If you have dedicated host per node, it make sense to set to the server’s HOSTNAME as follows:

node.name: ${HOSTNAME}

Data and Log path
If you are using the .zip or .tar.gz archives, the data and logs directories are sub-folders of $ES_HOME as we saw above. Please be careful, if these important folders are left in their default locations, there is a high risk of them being deleted while upgrading Elasticsearch to a new version (I know I repeat it 😉 )

So, to change the locations of the data and log folder:

path.logs: /data/log/elasticsearch
path.data: /data/elasticsearch

Network Host
By default, Elasticsearch binds to loopback addresses only (127.0.0.1 and [::1]). This is maybe sufficient to run a single development node on a server, but not to build a cluster with multiple nodes.

I recommend you to set this value in all you installations:

network.host: XXX.XXX.X.XX

On the other hand, be aware that Elasticsearch assumes that you are moving from development mode to production mode, and upgrades a number of system startup checks from warnings to exceptions when you set the network.host!

Discovery
Provides a list of the addresses of the master-eligible nodes in the cluster. Each address has the format host:port or host. If the port is not given then it is determined by checking the following settings in order:

transport.profiles.default.port
transport.port

If neither of these is set then the default port is 9300. The default value for discovery.seed_hosts is:

discovery.seed_hosts: ["127.0.0.1", "[::1]"]

In our case, as we set only one node, we will specify it as master-eligible:

discovery.seed_hosts: ["XXX.XXX.X.X"]

Now, we are OK with the configuration, we can start Elasticsearch.

Start Elasticsearch

As said before, it is a best practice to change config, data, and logs directories location.

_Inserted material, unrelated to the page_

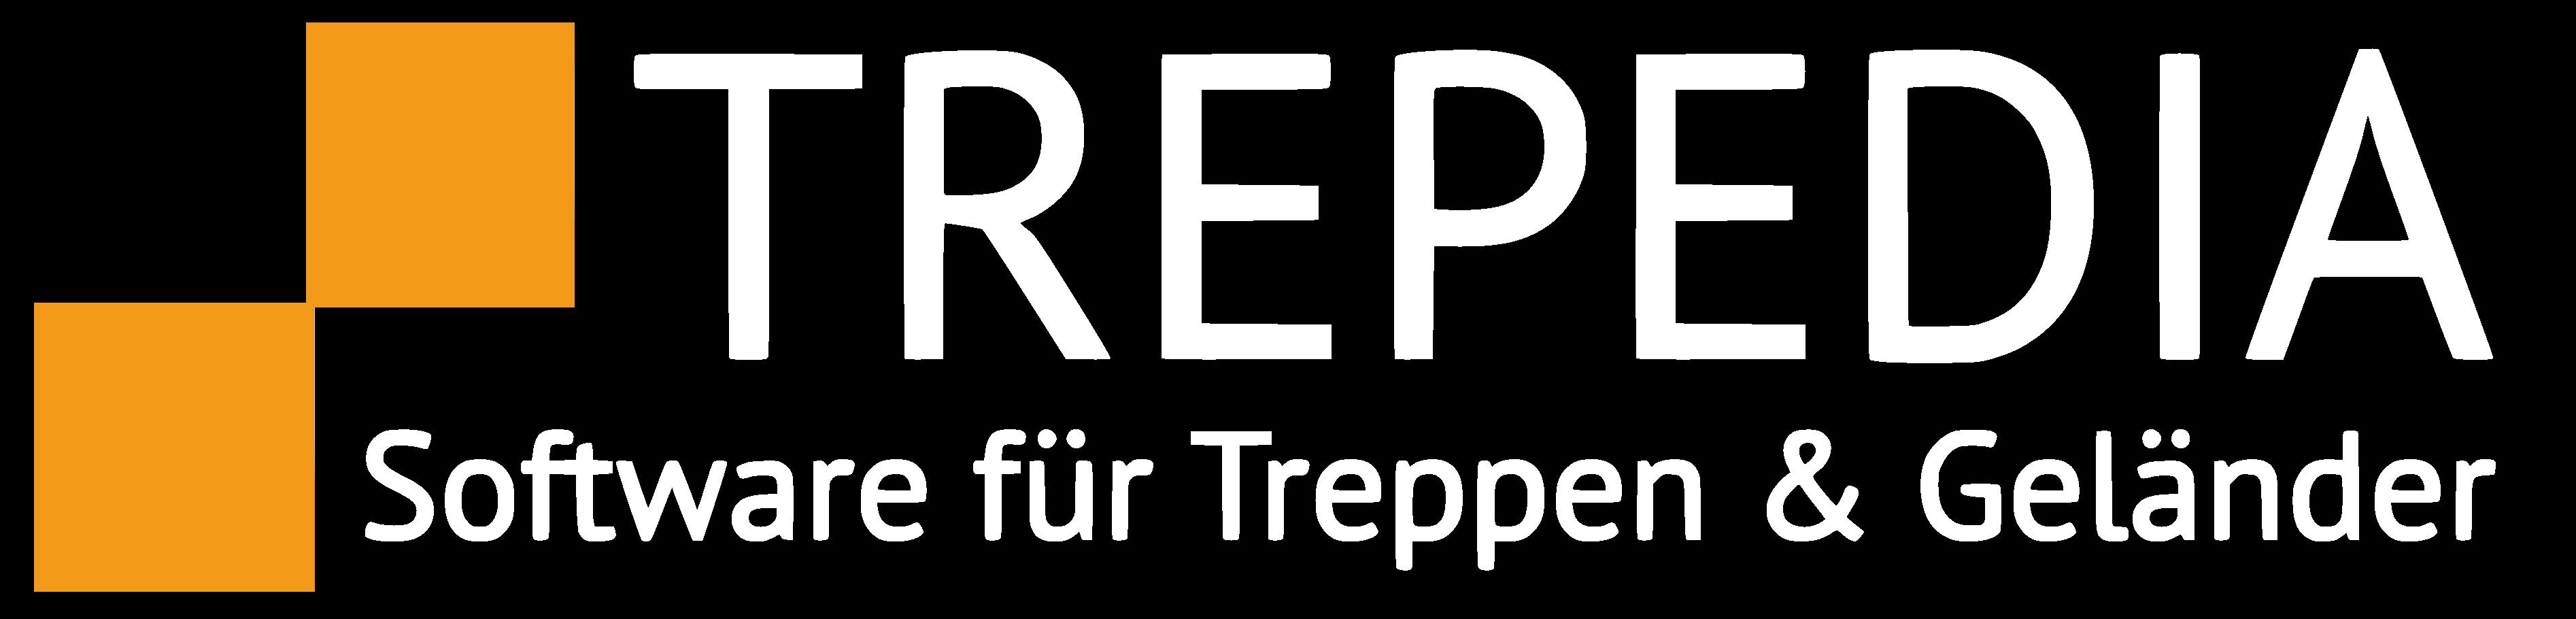 Logo_Trepedia_w.png

Define ES_PATH_CONF and then Elasticsearch can be started from the command line as follows:

ES_PATH_CONF=/path/to/config $ES_HOME/bin/elasticsearch

Once Elasticsearch started, you can check it:

curl -X GET "XXX.XXX.X.XX:9200/?pretty"

With X-Pack security enabled, you will need to set username and password in the curl:

curl -u username:password -X GET "XXX.XXX.X.XX:9200/?pretty"

The response should be like:

{
  "name" : "Master1",
  "cluster_name" : "elasticsearch-logging",
  "cluster_uuid" : "7rniLCvFRIGrsDqzJsoo6A",
  "version" : {
    "number" : "7.16.2",
    "build_flavor" : "default",
    "build_type" : "tar",
    "build_hash" : "65f6e357953a5bc21073d89aa29",
    "build_date" : "2021-28-12T12:55:29.143308416Z",
    "build_snapshot" : false,
    "lucene_version" : "8.10.1",
    "minimum_wire_compatibility_version" : "1.2.3",
    "minimum_index_compatibility_version" : "1.2.3"
  },
  "tagline" : "You Know, for Search"
}

Elasticsearch has been downloaded, configured and started successfully, I hope that this blog helps you to begin with Elasticsearch. Don’t hesitate to ask questions I will try to reply as soon as possible 🙂